Вик пожал плечами. По всему выходило, что Загоскин и впрямь не посвящал в свои секреты сына. Вот только это не означало, что сын сам себя в них не посвятил, потому как явился очень вовремя.
– Папа! Да не будь же ты параноиком! Открывай, я за тебя волнуюсь!
– Я узнал его голос, это правда он, - шепнул Иван Петрович и принялся отпирать замки.
10.2
10. 2
– Сейчас, сейчас, - бормотал Загоскин, гремя замками.
Вик прислонился плечом к стене, ожидая, чем все закончится.
Будучи дотошным, он не пренебрегал на первый взгляд излишними мелочами, поэтому о биографии Михаила Загоскина, обладателя милого домашнего прозвища «Буди» (что переводилось с индонезийского как «мудрец»), был осведомлен.
Сын Екатерины (Кайяны Вуландари) и Ивана Петровича Загоскиных пошел по стопам родителей в науку, только выбрал не лингвистику или археологию, а сложную область нейробиологии. Защитив кандидатскую, а спустя год и докторскую, отправился обмениваться опытом в Калифорнию. Если верить сегодняшнему заявлению старика, в Америку он полетел прежде всего за своей внезапно переместившейся невестой – по-видимому, ею была Агдалия Беглова, учившаяся с ним на одном курсе, а позже занявшая место аспирантки в Институте биологических исследований Солка. Но как бы там ни было, накануне диффузии фото Михаила Загоскина все еще красовалось на сайте Солка по соседству с фотографией Бегловой, и оба они значились холостыми.
Сейчас перед Виктором стоял смуглокожий (пошел в мать) и черноглазый мужчина лет 45-ти, мало напоминающий улыбчивую фотографию с сайта Института. Сходство, конечно, просматривалось, но, по сравнению со снимком, Михаил сегодняшний прибавил с десяток килограммов, поседел на висках и обзавелся очками в тонкой оправе, делавшим его взгляд излишне простодушным.
Шумно пообнимавшись с отцом и издав все положенные случаю междометия, Михаил затащил в квартиру три объемных чемодана и принялся раздеваться. На Виктора он никак не отреагировал, просто поздоровался, словно присутствие в семейном гнезде посторонних было в порядке вещей.
Вика это нарочитое пренебрежение удивило, но старый профессор выглядел счастливым и беспокойства не проявлял.
Наконец Михаил, одернув тонкий свитер цвета абрикоса, обратил внимание на подпиравшего стенку Соловьева.
– Папа, познакомь нас, пожалуйста, как следует.
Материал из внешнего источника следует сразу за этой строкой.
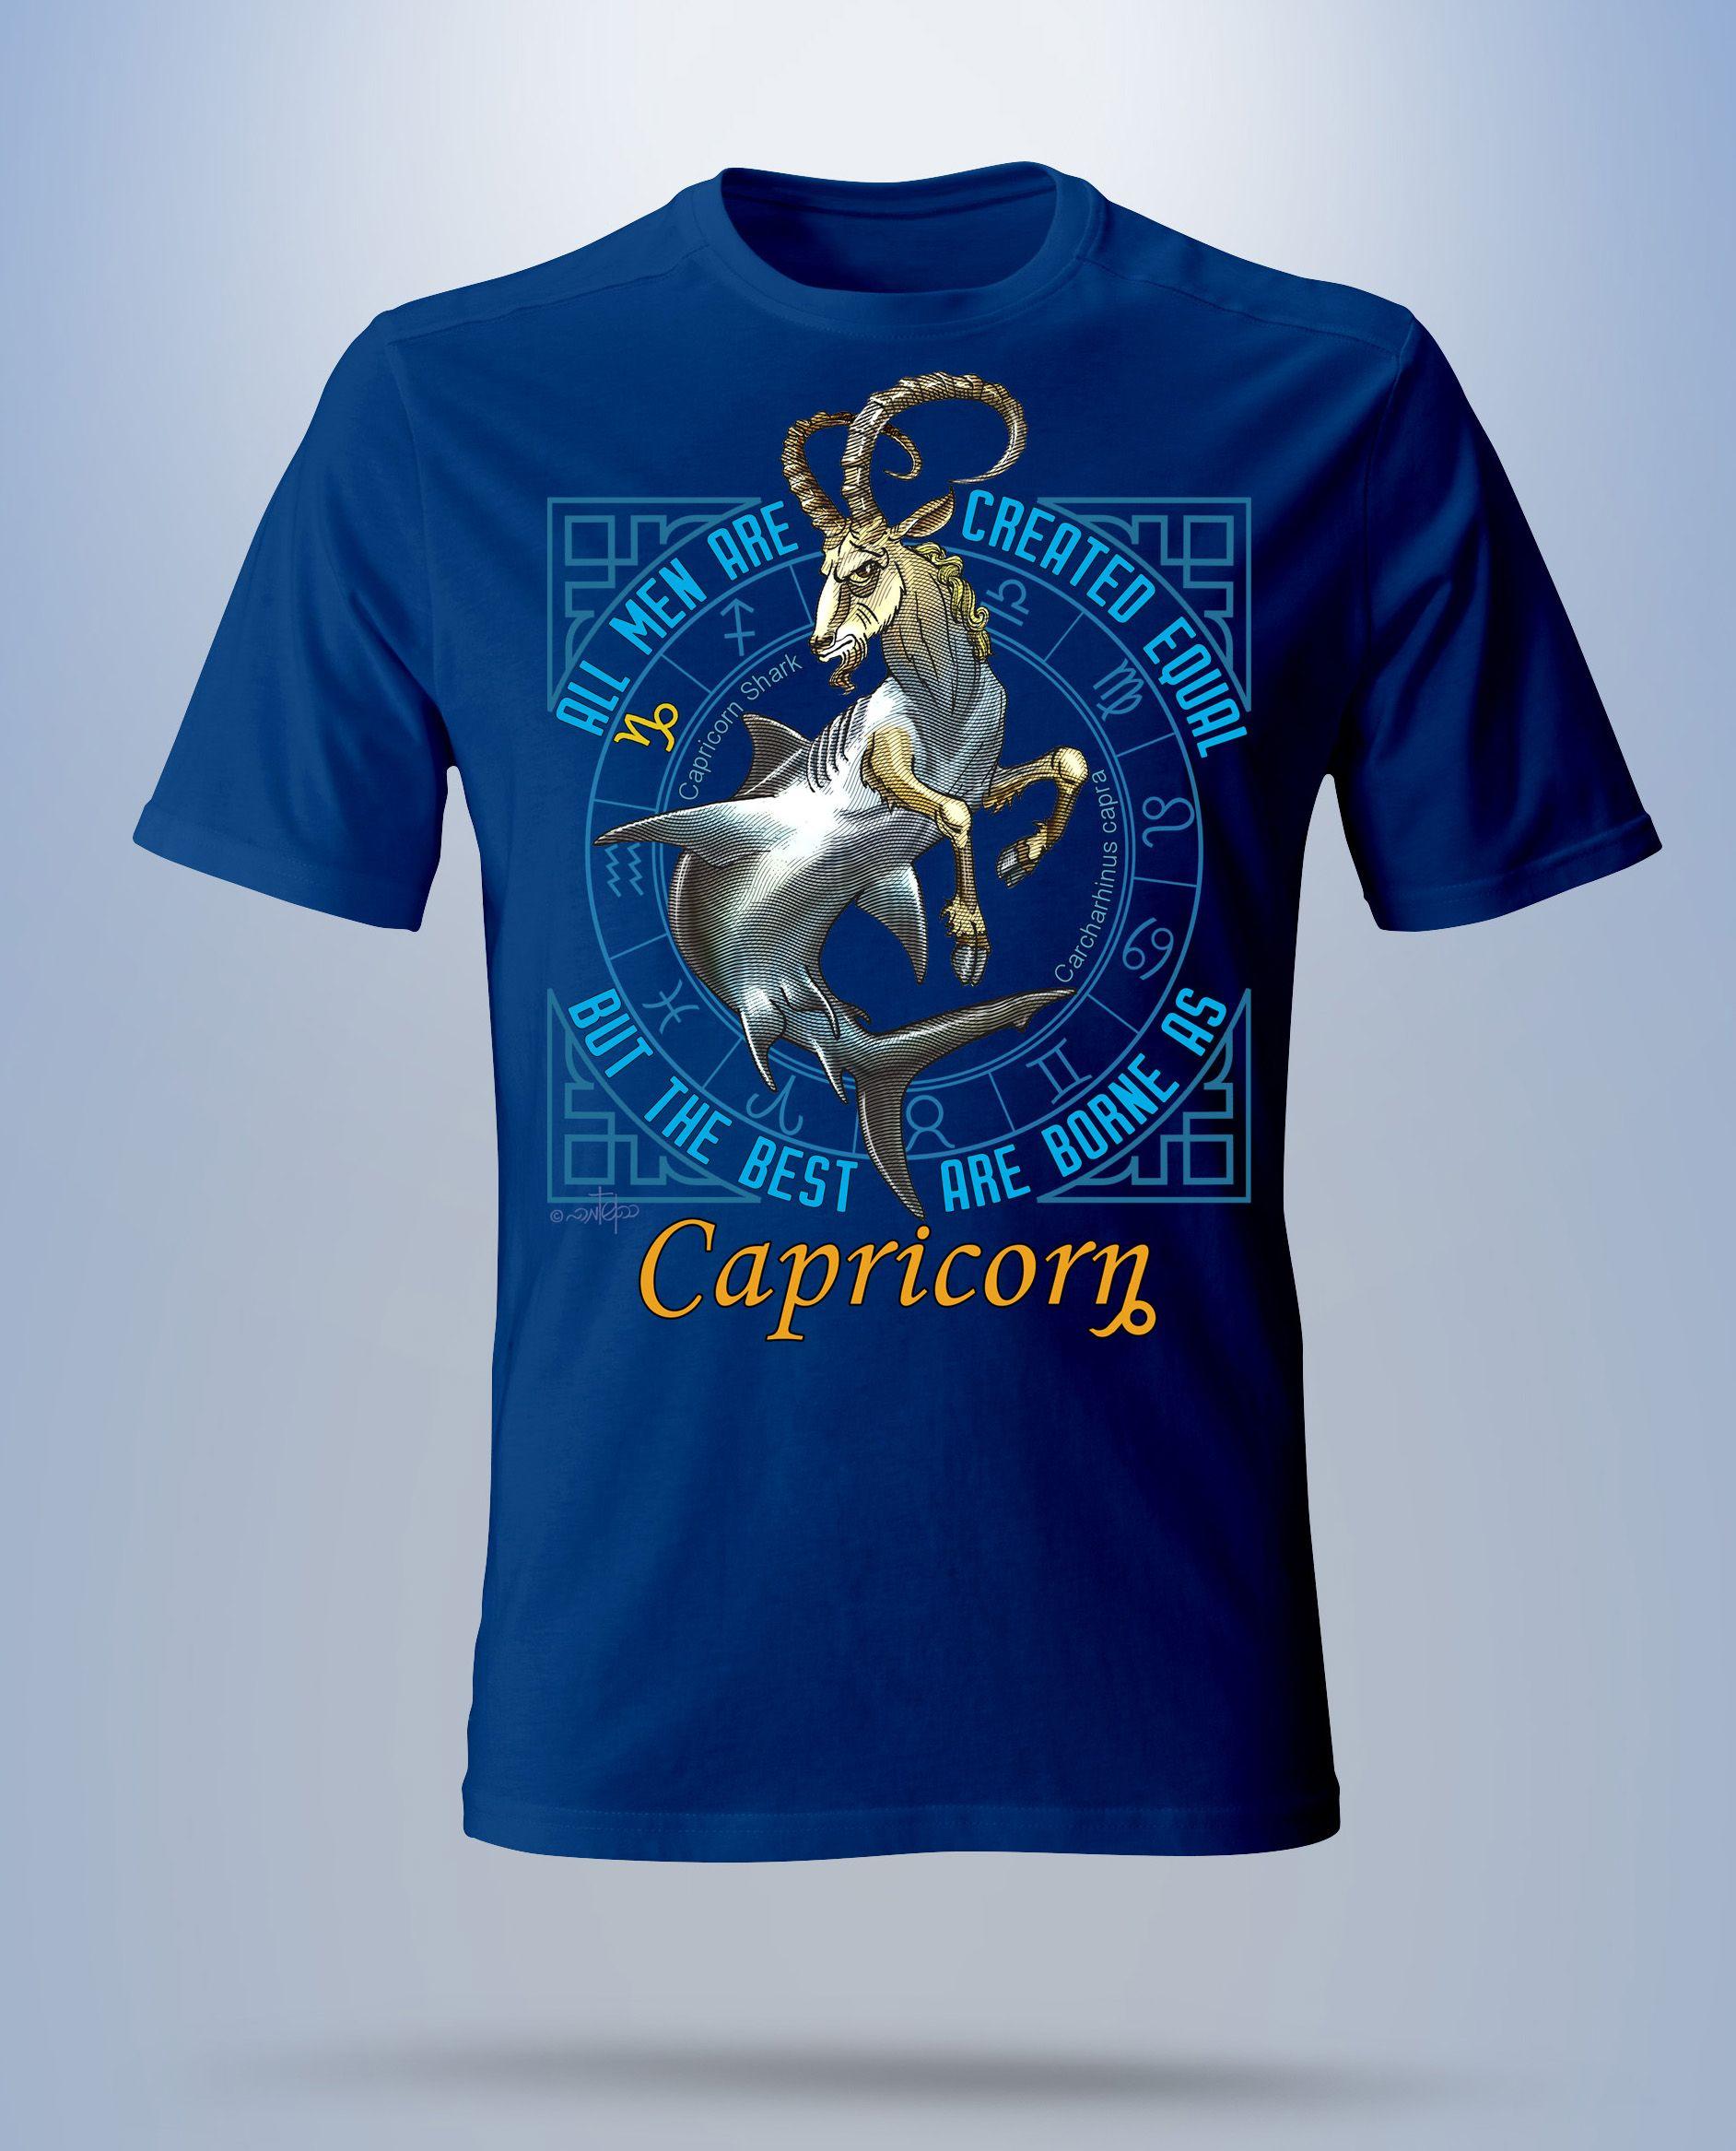 8c967b69 A unique design of Capricorn sign T shirt | Capricorn T Shirts ...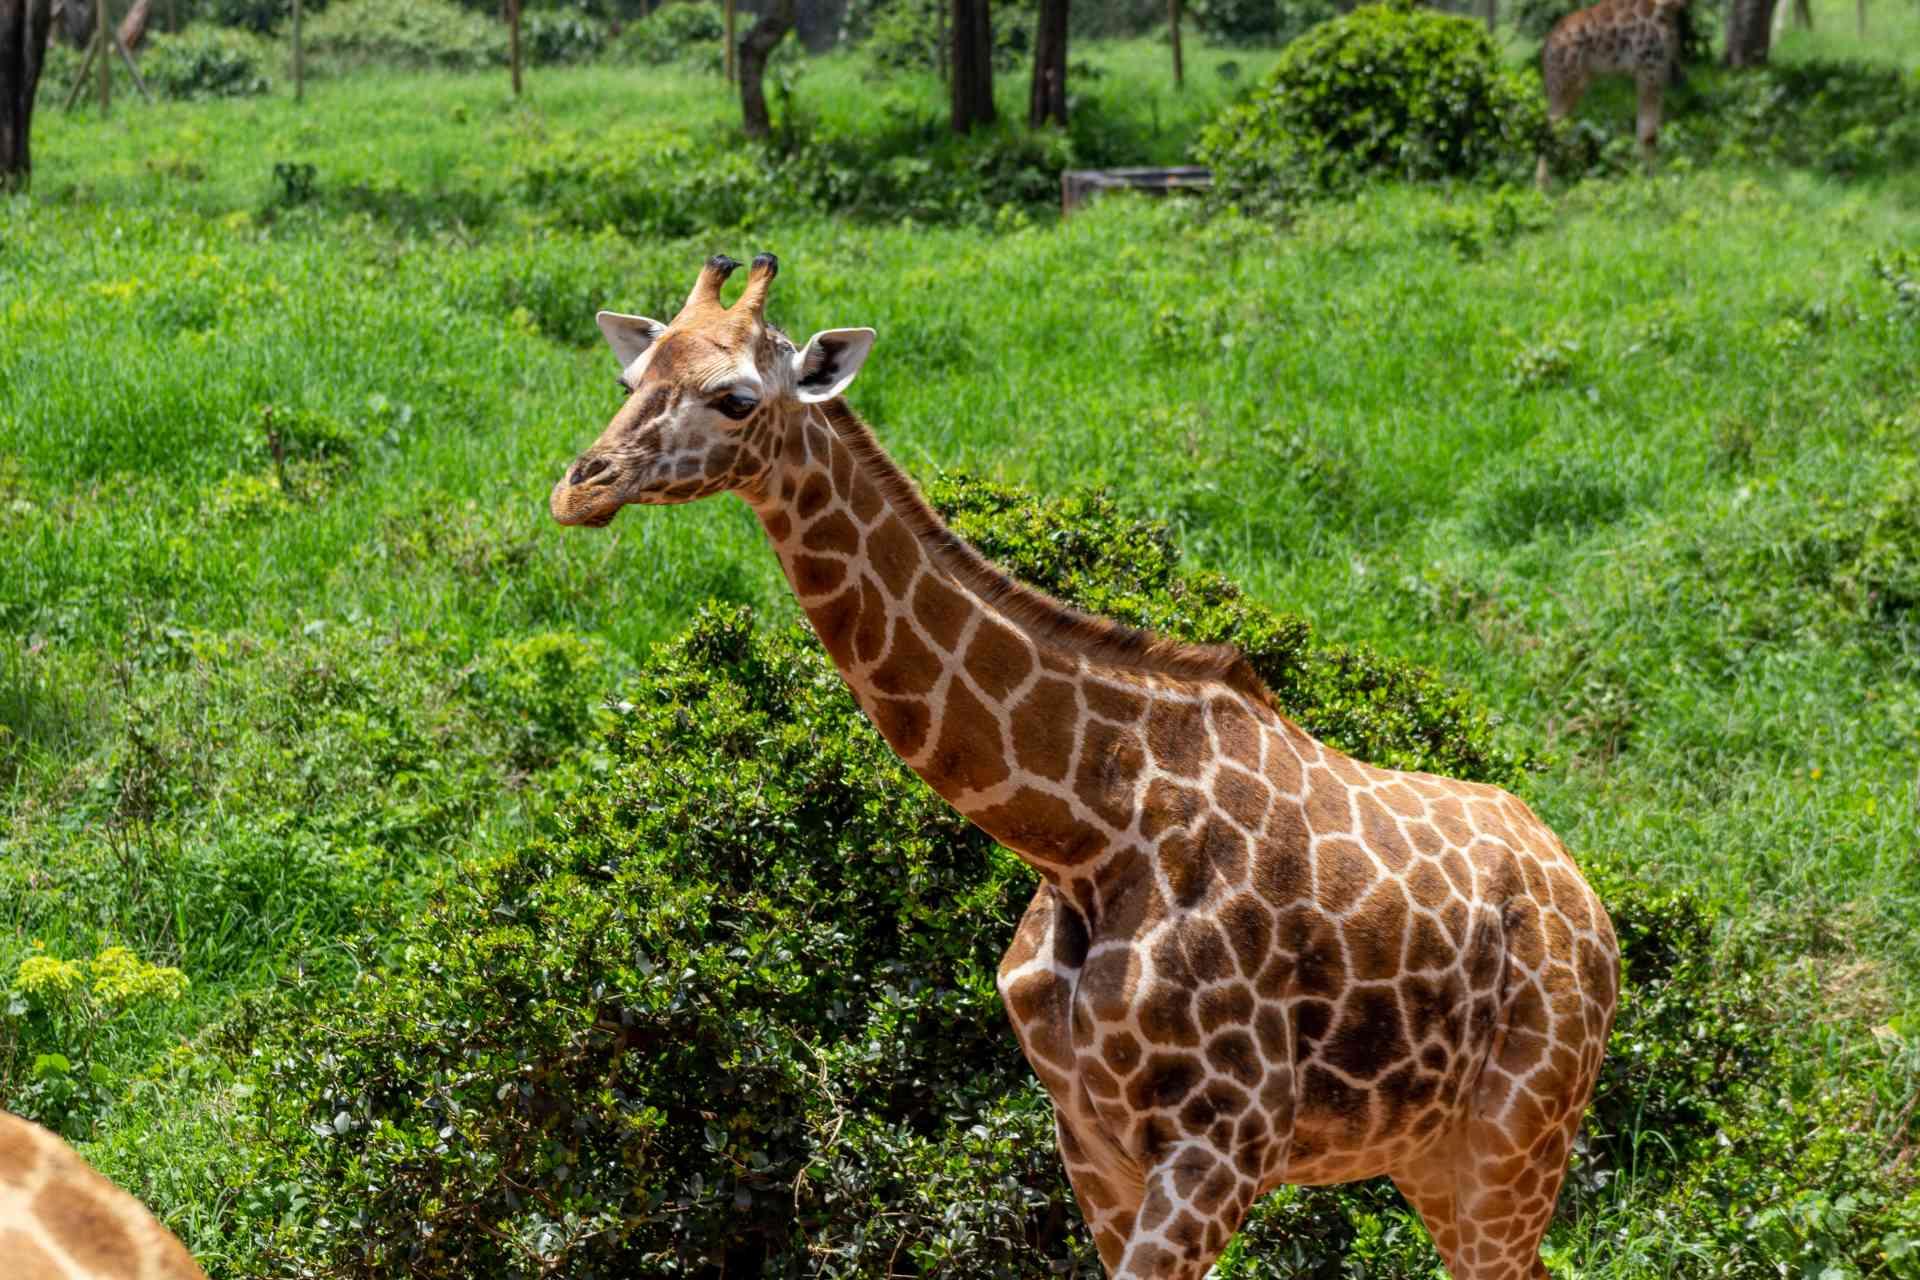 Giraffe Centre, Nairobi, Kenya by Chloe Marshman

Не дожидаясь рекомендаций, Вик выпрямился и сделал шаг вперед, протягивая руку:
– Виктор Соловьев, врач общей практики. Заглянул к Ивану Петровичу на огонек.
– Михаил, единственный сын Ивана Петровича, - живо откликнулся Загоскин-младший, отвечая на рукопожатие. – Я нейробиолог, занимаюсь пограничными состояниями сознания.
Лицо у Михаила было живое, округлое, с безвольным подбородком и без заметных морщин. Он был массивным, но рыхлым, и возвышался над своим отцом на целую голову, настолько же уступая при этом в росте Соловьеву. Пожимая его руку с широкой ладонью и короткими пальцами-колбасками, Вик однако ощутил в ней недюжинную силу.
– Значит, я не напрасно волновался, раз застал в квартире врача? – Михаил изобразил преувеличенную тревогу. Именно что изобразил – Вик уловил неловкую фальшь. И что-то еще, какую-то тень, промелькнувшую на дне увеличенных линзами глаз. – Что с ним? Опять сахар упал или давление?